Carbs fill the rest.

After protein and fat targets, carbs absorb the remaining calorie budget. For a 2100 kcal target with 150 g protein (600 kcal) and 70 g fat (630 kcal), carbs = (2100 − 600 − 630) / 4 = 217 g. The ratio comes out automatically; no need to start from "I'll eat 40 % carbs". Higher carbs help training performance (especially endurance and high-volume strength); lower carbs help glucose control for some people. Within the calorie budget, the trade is preference.

A worked split.

A 75 kg moderate exerciser, 2100 kcal target for a moderate cut. Protein at 1.8 g/kg: 75 × 1.8 = 135 g → 540 kcal. Fat at 0.8 g/kg: 75 × 0.8 = 60 g → 540 kcal. Carbs: (2100 − 540 − 540) / 4 = 255 g → 1020 kcal. Final split: 135 P / 60 F / 255 C. Ratios: 26 % / 26 % / 48 %. Reasonable, with no carb-loaded sport in the picture; for an endurance athlete, pull fat down and carbs up.

Body-weight-driven split

P 1.8/kg, F 0.8/kg, C fills the rest

Two anchors, one residual.

135 P + 60 F (1080 kcal) → 255 g C (1020 kcal)

= 135 / 60 / 255 g

Tracking doesn't have to be perfect.

Hitting macros within ±10 % daily is fine for results; obsessing about ±2 g of protein is wasteful. Weekly averages matter more than daily ones — a day at 110 g protein followed by a day at 160 g averages to the target. Apps that demand precise daily compliance burn out users faster than ones that allow flexibility within a weekly window.
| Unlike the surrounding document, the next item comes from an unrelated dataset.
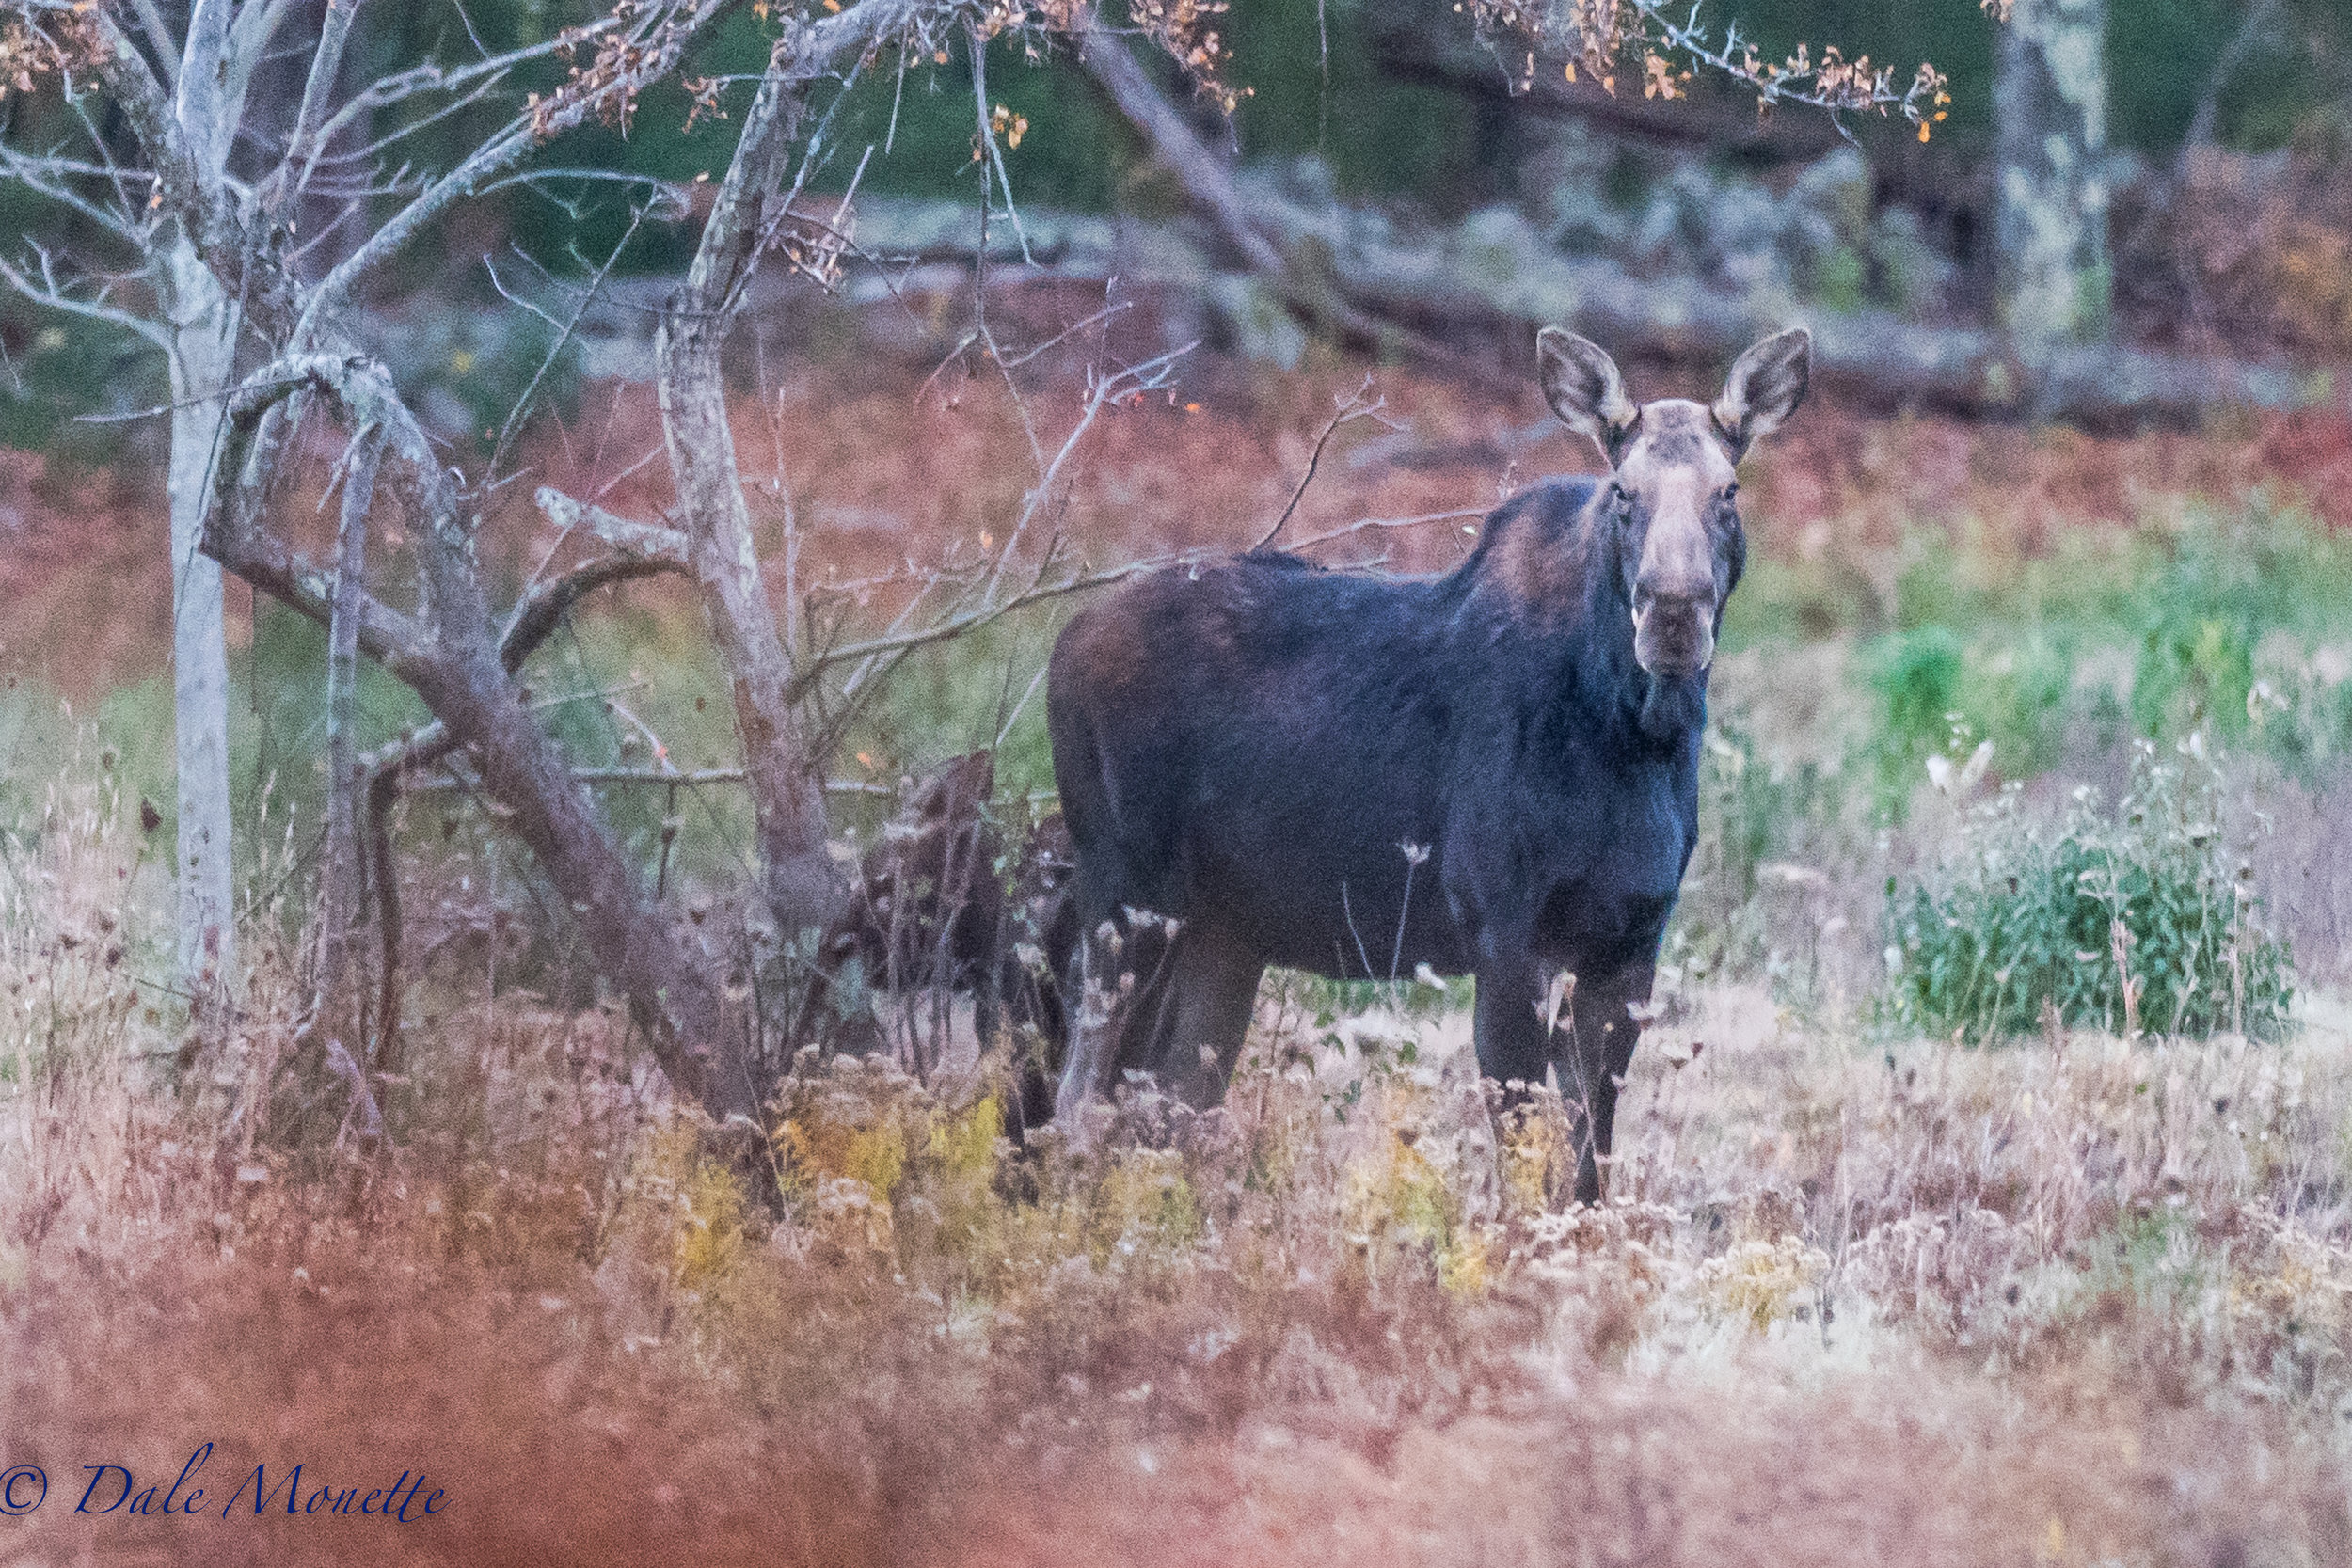   This morning I watched a female moose with a young in tow browse in an abandoned apple orchard at Quabbin. &nbsp;A great way to start off the week ! &nbsp;11/7/17  
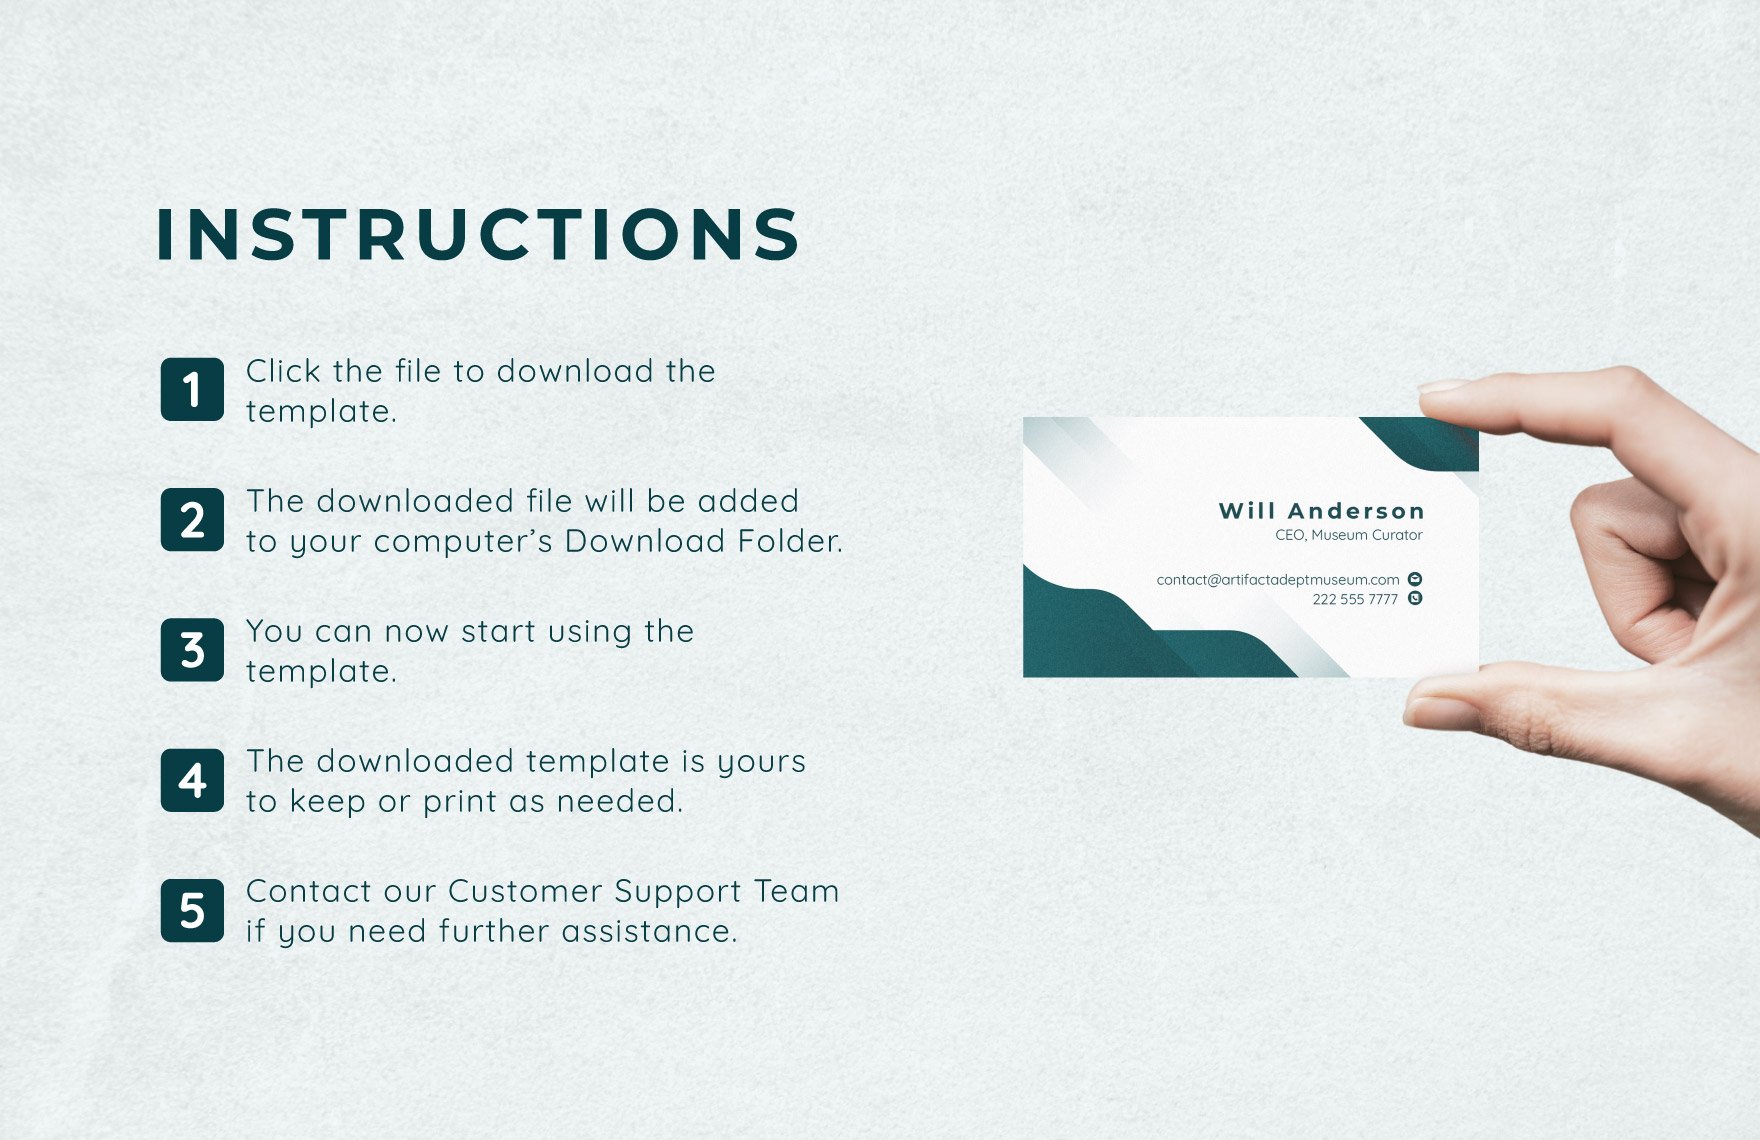 Business Card Word Template

Frequently asked questions

Quick answers.

What are the standard calorie values for each macro?

Calculations use the standard Atwater factors: 4 kcal per gram for protein and carbohydrates, and 9 kcal per gram for fats.

Which ratio should I choose?

A balanced 40/30/30 split is common for general health, while higher protein ratios are often used for muscle preservation. Consult a professional to determine the best ratio for your specific physiological needs.

Is my health data stored?

No. All inputs and results remain in your browser session and are never transmitted to a server or stored externally.

Can I set custom percentages?

Yes. You can manually adjust the percentage sliders to ensure the total equals 100% for a bespoke nutritional plan.